Regulation creep is something that is taking over business behavior, and it’s certainly become worse with Dodd-Frank under the Obama administration, but I think it extends back to Sarbanes- Oxley. It’s very hard these days for small and midsize companies to be public or to go public. Then you’ve got the EPA just about out of control in the recent dust-up in which a regional director was videotaped saying, “We should do what the Romans did and crucify the oil companies.” What the Obama administration and others fail to realize is not just the effect of each regulation but the cumulative crushing burden.

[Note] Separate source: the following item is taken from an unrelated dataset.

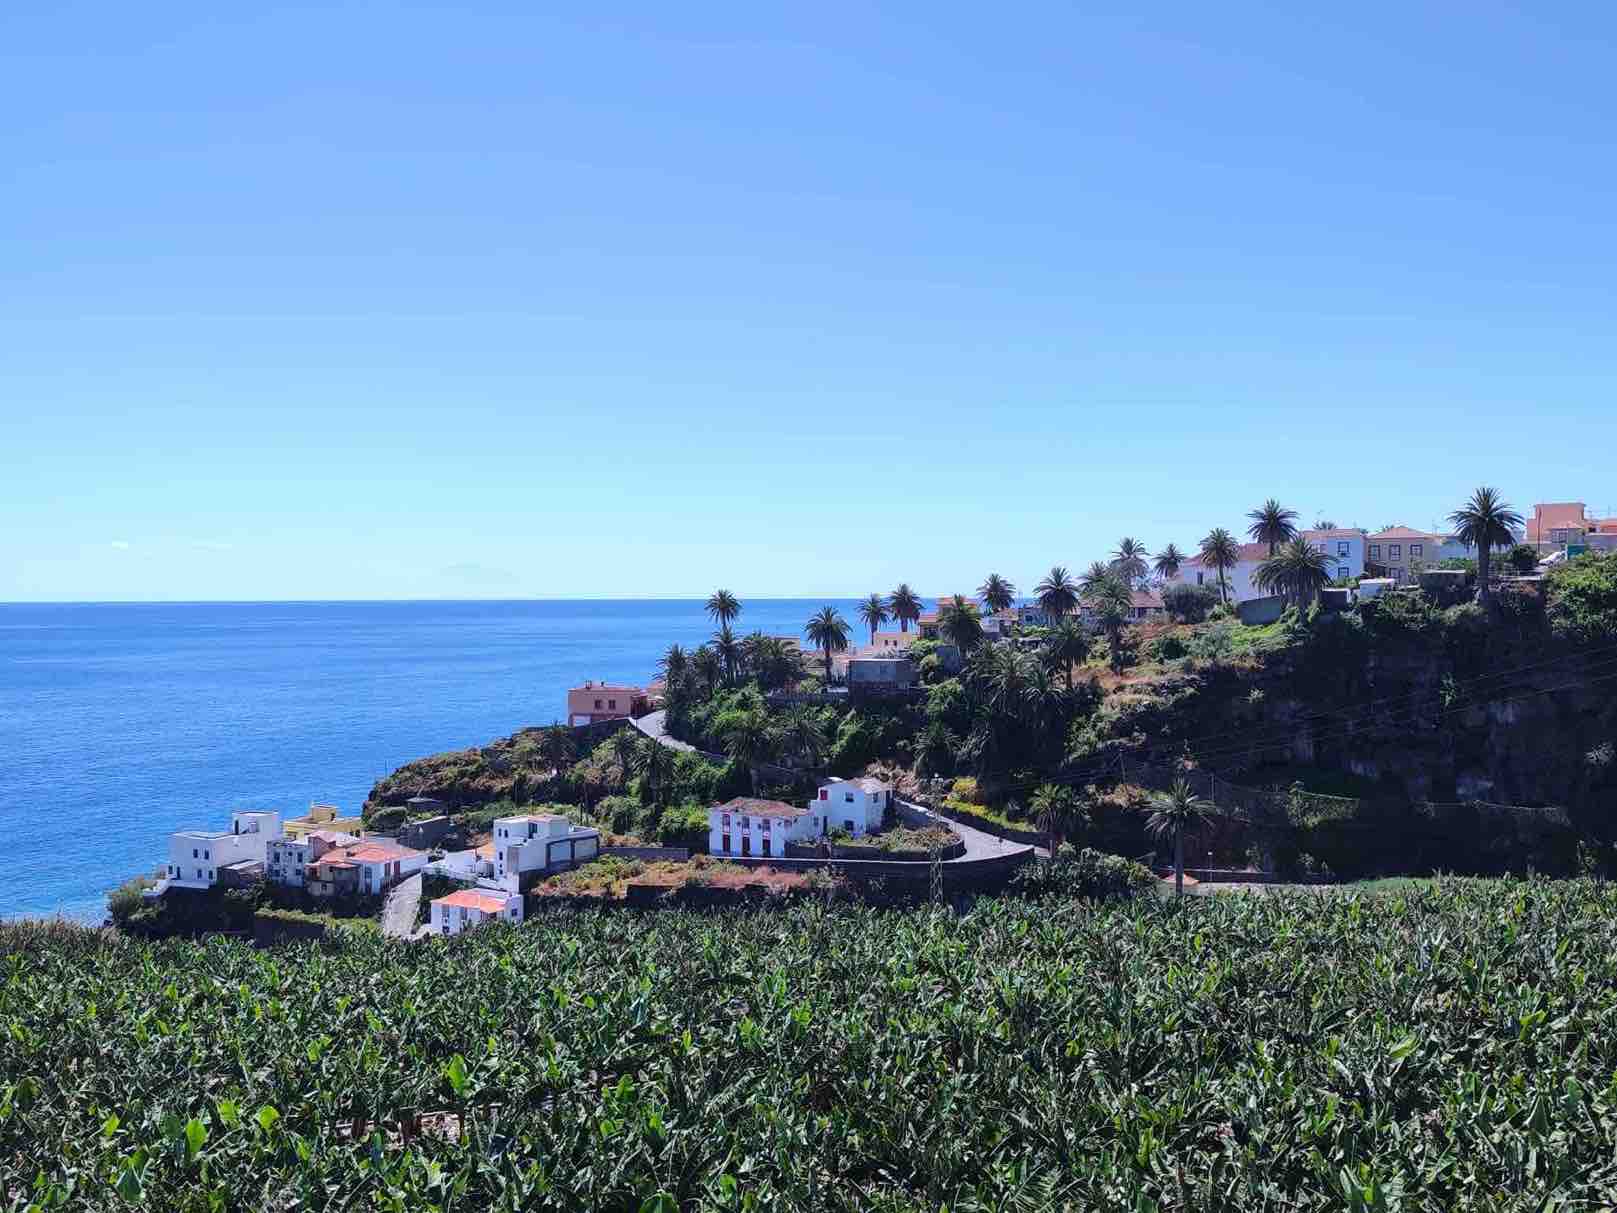 Coalición Canaria propone un plan integral para la Villa de San Andrés
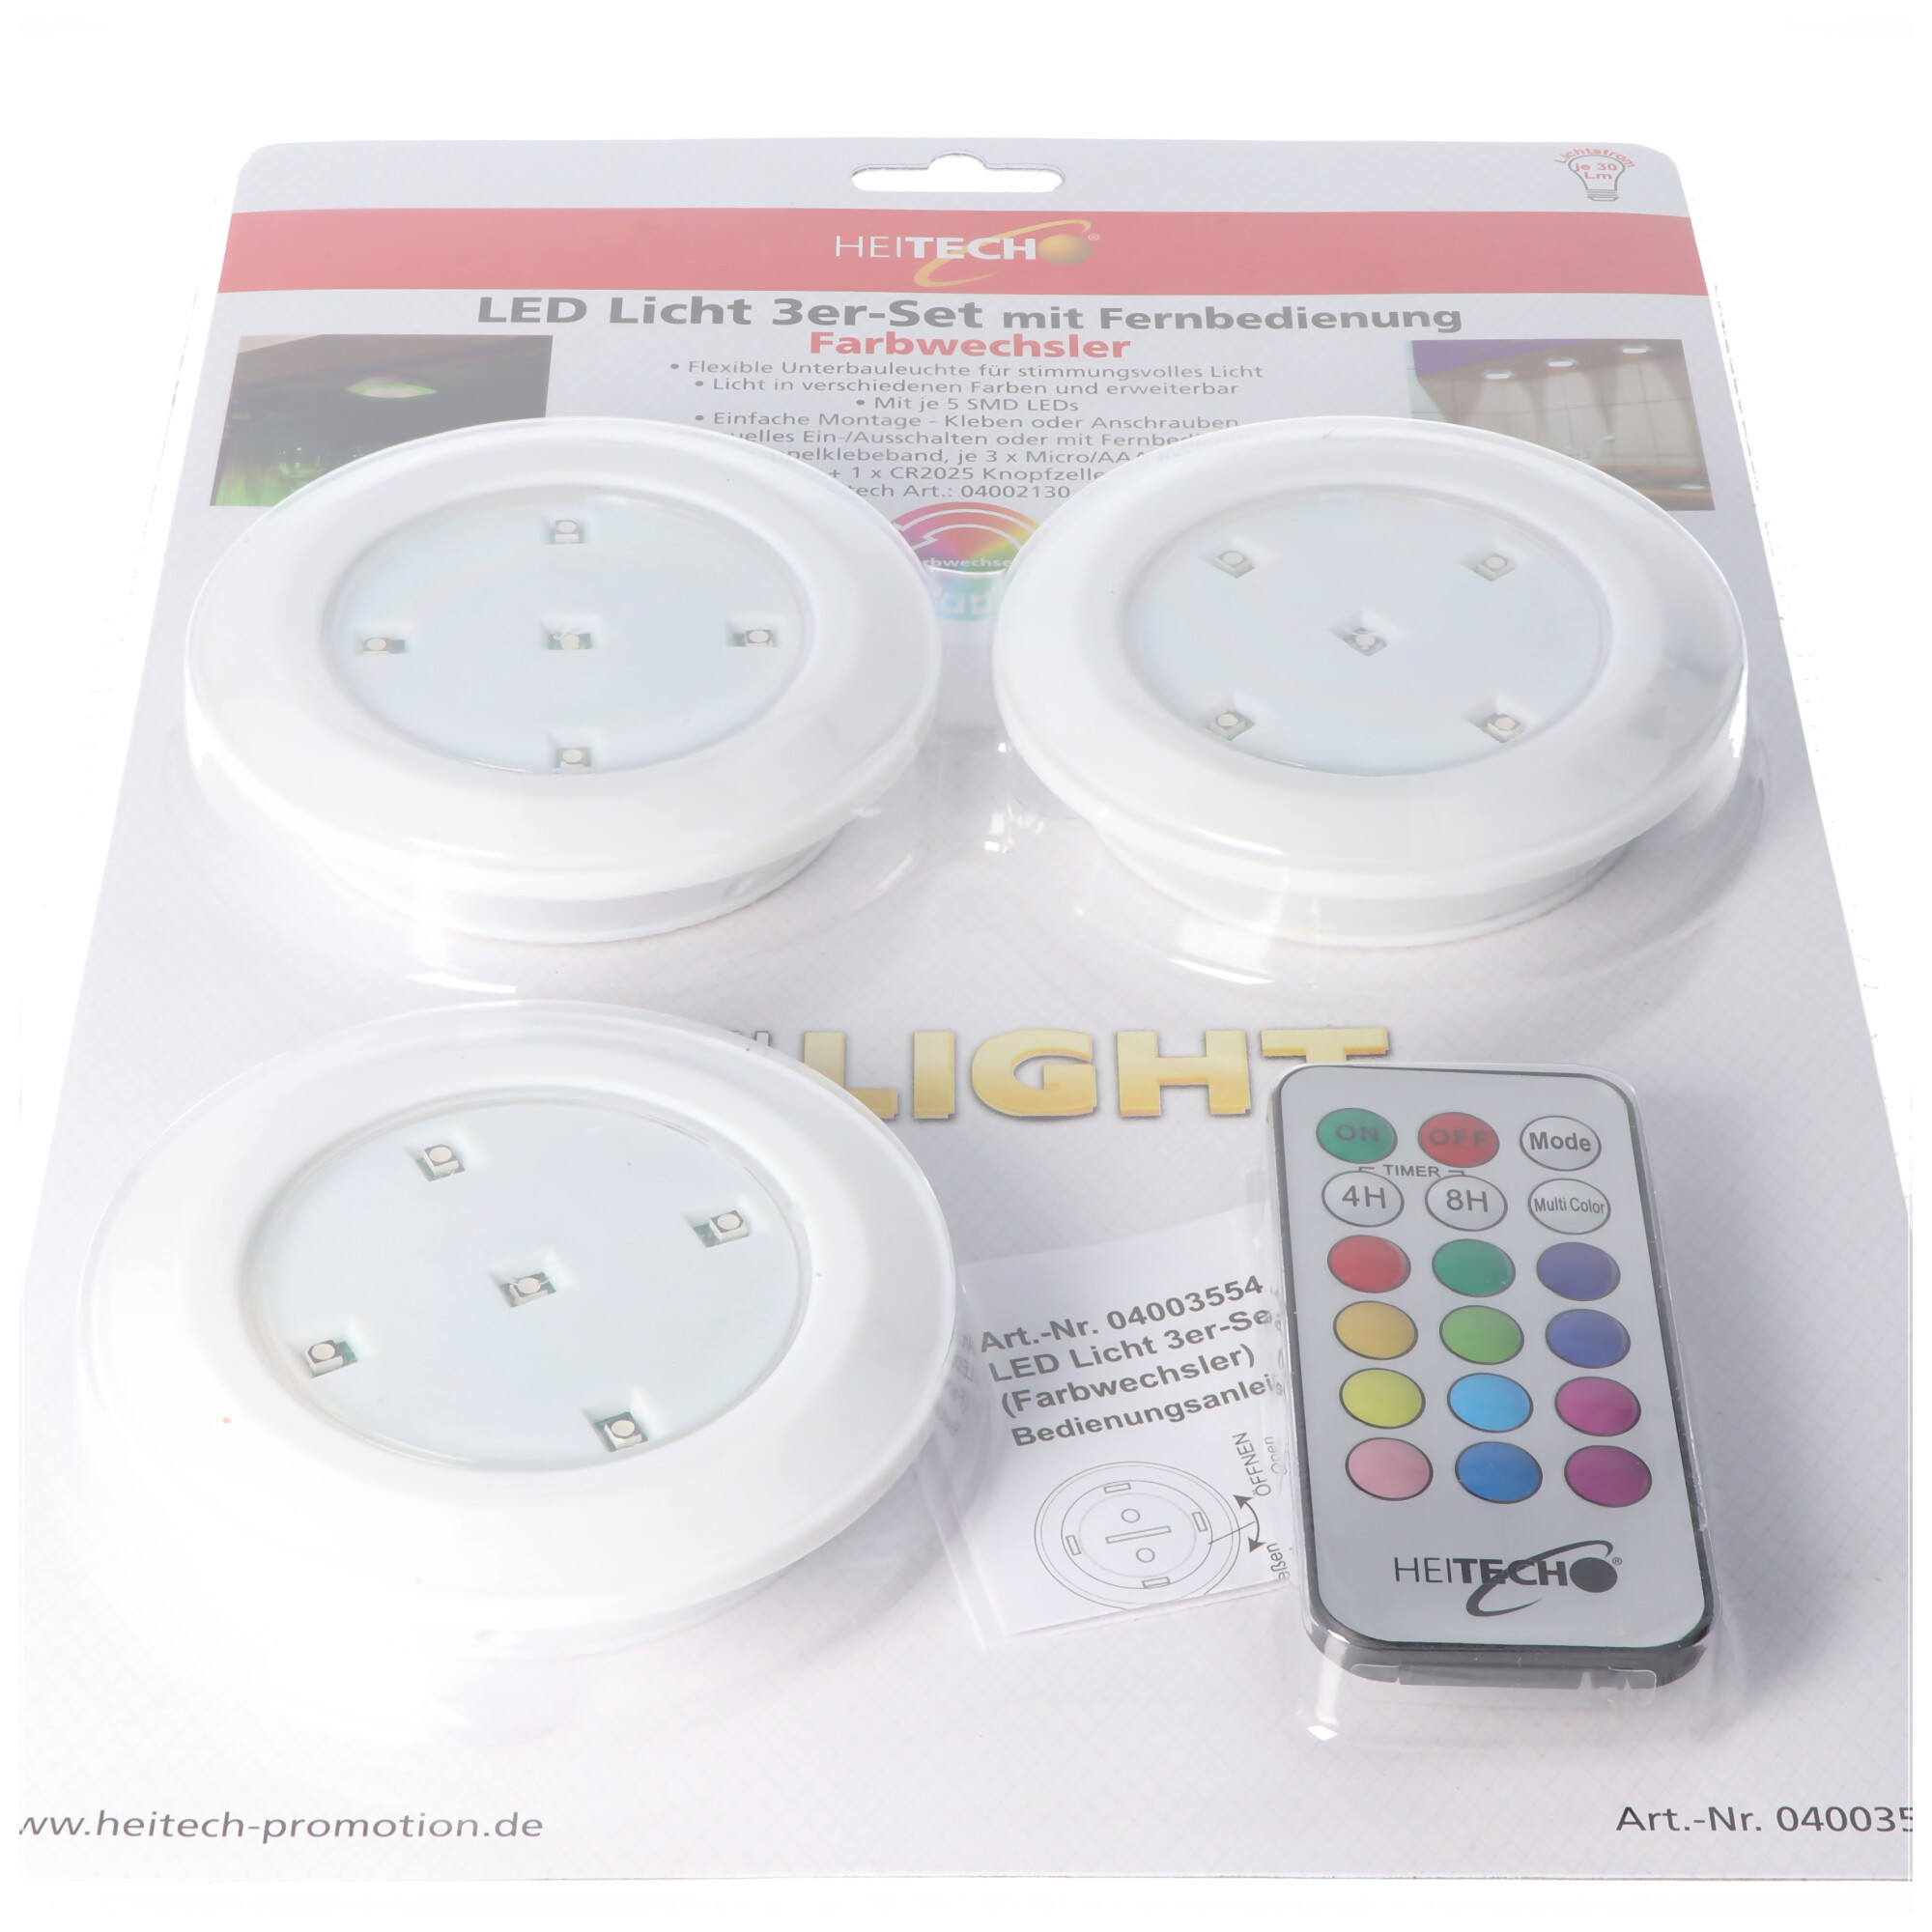 LED Licht 3er-Set mit Fernbedienung, flexible Unterbauleuchte mit Licht in verschiedenen Farben, inklusive 3x AAA Batterien und 1x CR2025 Batterie

What about the influence of politics?
The most isolationist constituency in America today is the labor unions. They’re the ones most against free trade. They’re the ones most in favor of tilting regulatory and tax structures to create disincentives for American companies to engage in international business. They have enormous political clout — you can see it in case after case that is brought before the National Labor Relations Board.
What should business be doing to improve its reputation?
In the political process, the landscape is already littered with a bias that business is a big conspiracy of a few wealthy individuals against the great majority. So I think it’s important that companies are equally prepared to participate in the political process.
Many activists decry executive compensation. Do you agree?
Compensation committees of boards have perhaps the most difficult job of all because they’ve got to weigh so many competing factors. They’ve got to make sure that their compensation is sufficient to reward the CEO and the other top officers and make sure they’re not poached by a competitor. But explaining those factors in a very direct and quantitative way in terms of the company’s performance can be difficult. I have watched compensation committees repeatedly struggle to make these decisions, yet they are portrayed often by activists as back-scratching colleagues who are not paying attention to shareholders. In my experience, that’s the furthest thing from the truth.
Does business have to be more balanced in how it looks at risk?
Risk and return are two sides of the same coin, and if boards are adequately overseeing management, they’re worried about their risks, and they’re worried about missed opportunities, too. When companies fail badly, you can say that a board has not carried through on its responsibilities, but by the same token there are companies that are over cautious, with the consequence they can get left behind, and that’s the nature of capitalism.